You may be familiar with SSIS's predecessor, SQL Server 2000 Data Transformation Services (DTS). If not, DTS is a widely used tool designed to move data from one source to another, and many organizations have developed compelling BI ETL solutions using DTS. The differences between SSIS and DTS are many, though. In fact, SSIS is not a new version of DTS; it is a new tool in the SQL Server 2005 platform that replaces and extends DTS's functionality.

Does Figure 11-1 look familiar? If you've developed any DTS-based solutions to handle data processing, then surely you recognize it.

image from book
Figure 11-1

Since the topic in this chapter is Integration Services, the analysis of DTS will not be exhaustive; however, you will consider a few aspects of a typical DTS architecture in order to compare it with an Integration Services architecture.
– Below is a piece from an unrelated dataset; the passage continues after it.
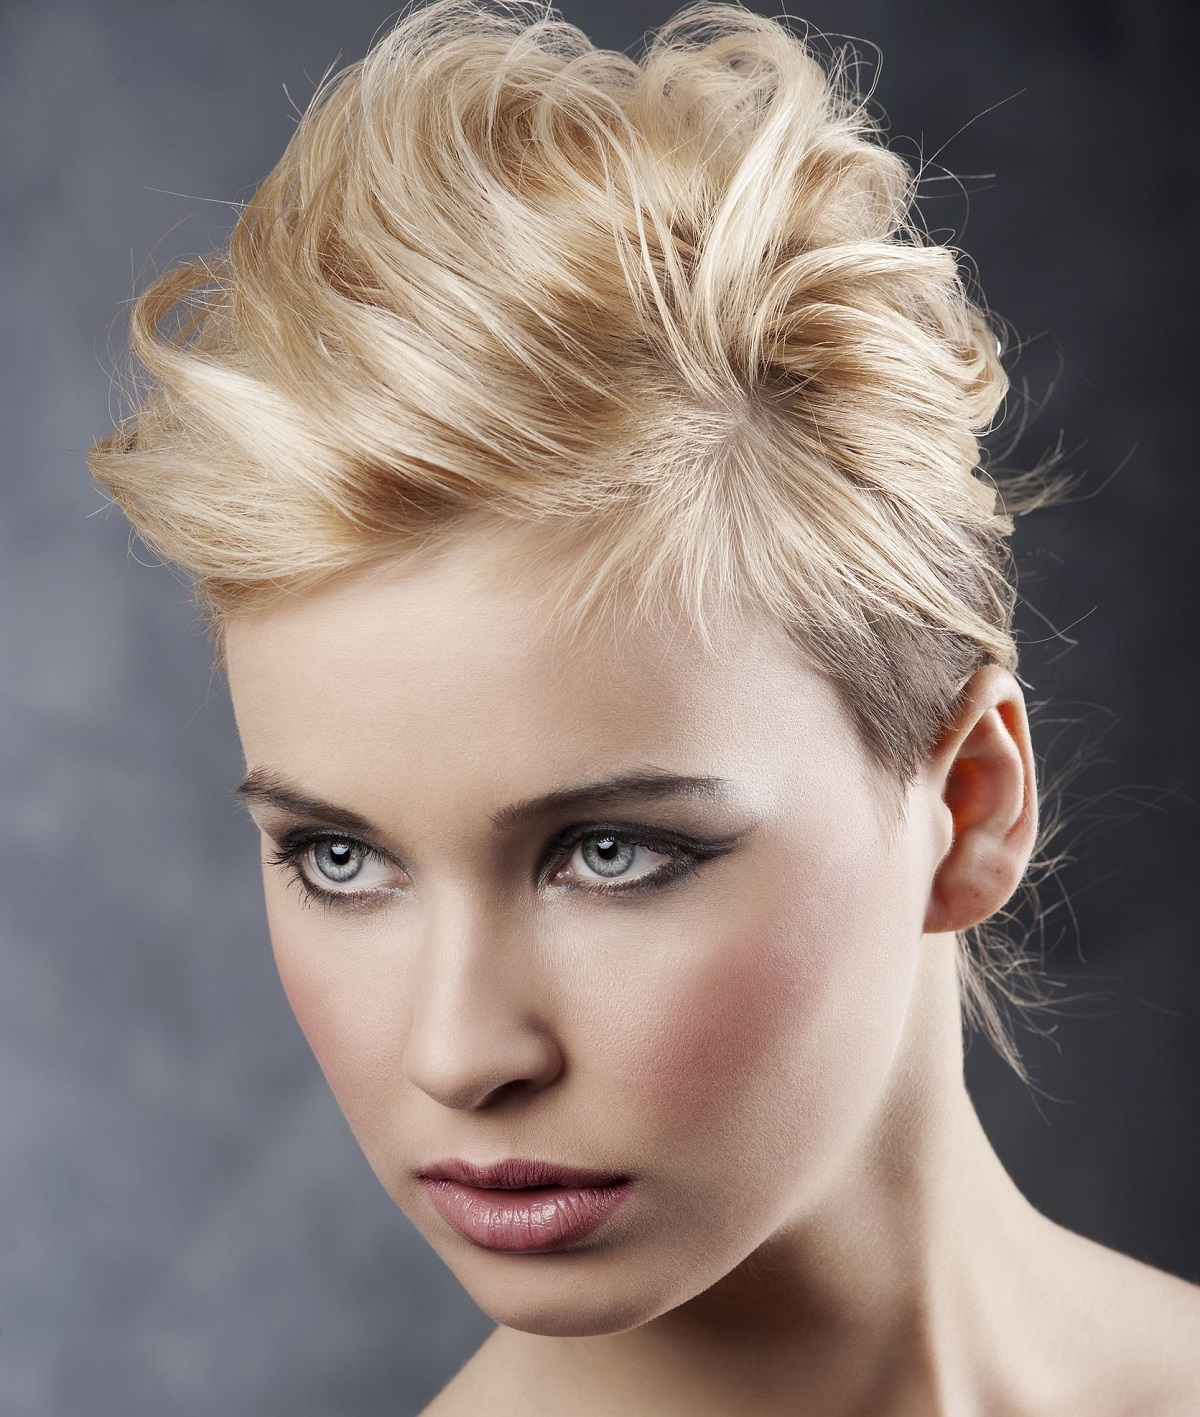 Blond Hair Style
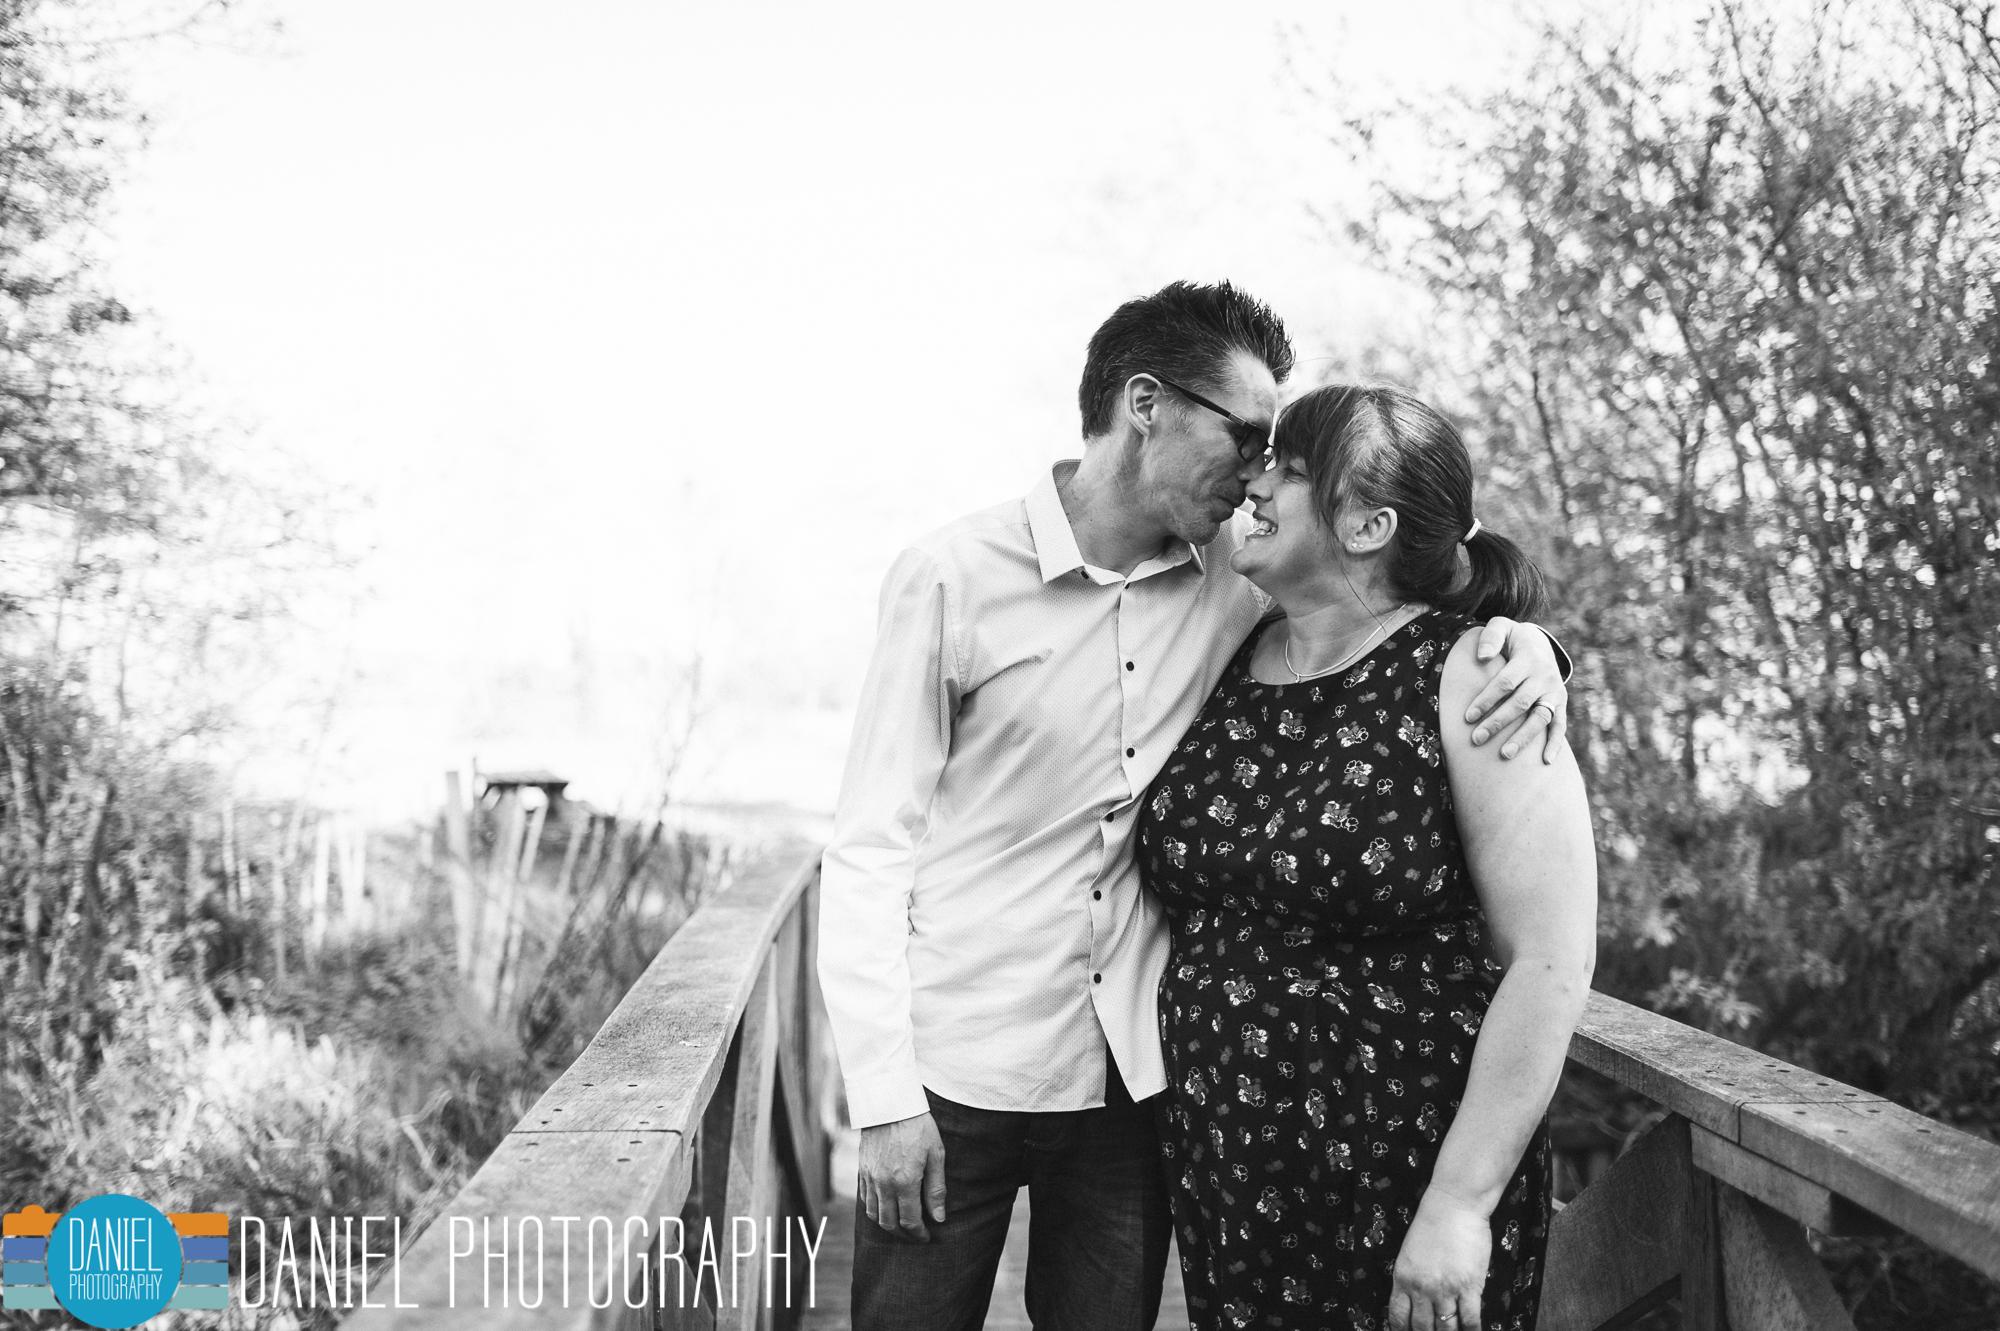 Sharon&Paul_Engagement_blog002.jpg

Ideally, the design of your ETL or data-processing solution will not be driven by your choice of ETL tool; however, a tool's capabilities inevitably influence the design. Source-to-destination data mappings are still the same and destination data structures do not change, but the process and logic to move and transform data from one to the other can be dependent on the capabilities of the tool. This was the case with DTS (in fact, this applies to any tool that is selected, but the difference is how much flexibility the tool will allow in data transformation design). The following sections consider the common design of a DTS package such as the one shown in Figure 11-1.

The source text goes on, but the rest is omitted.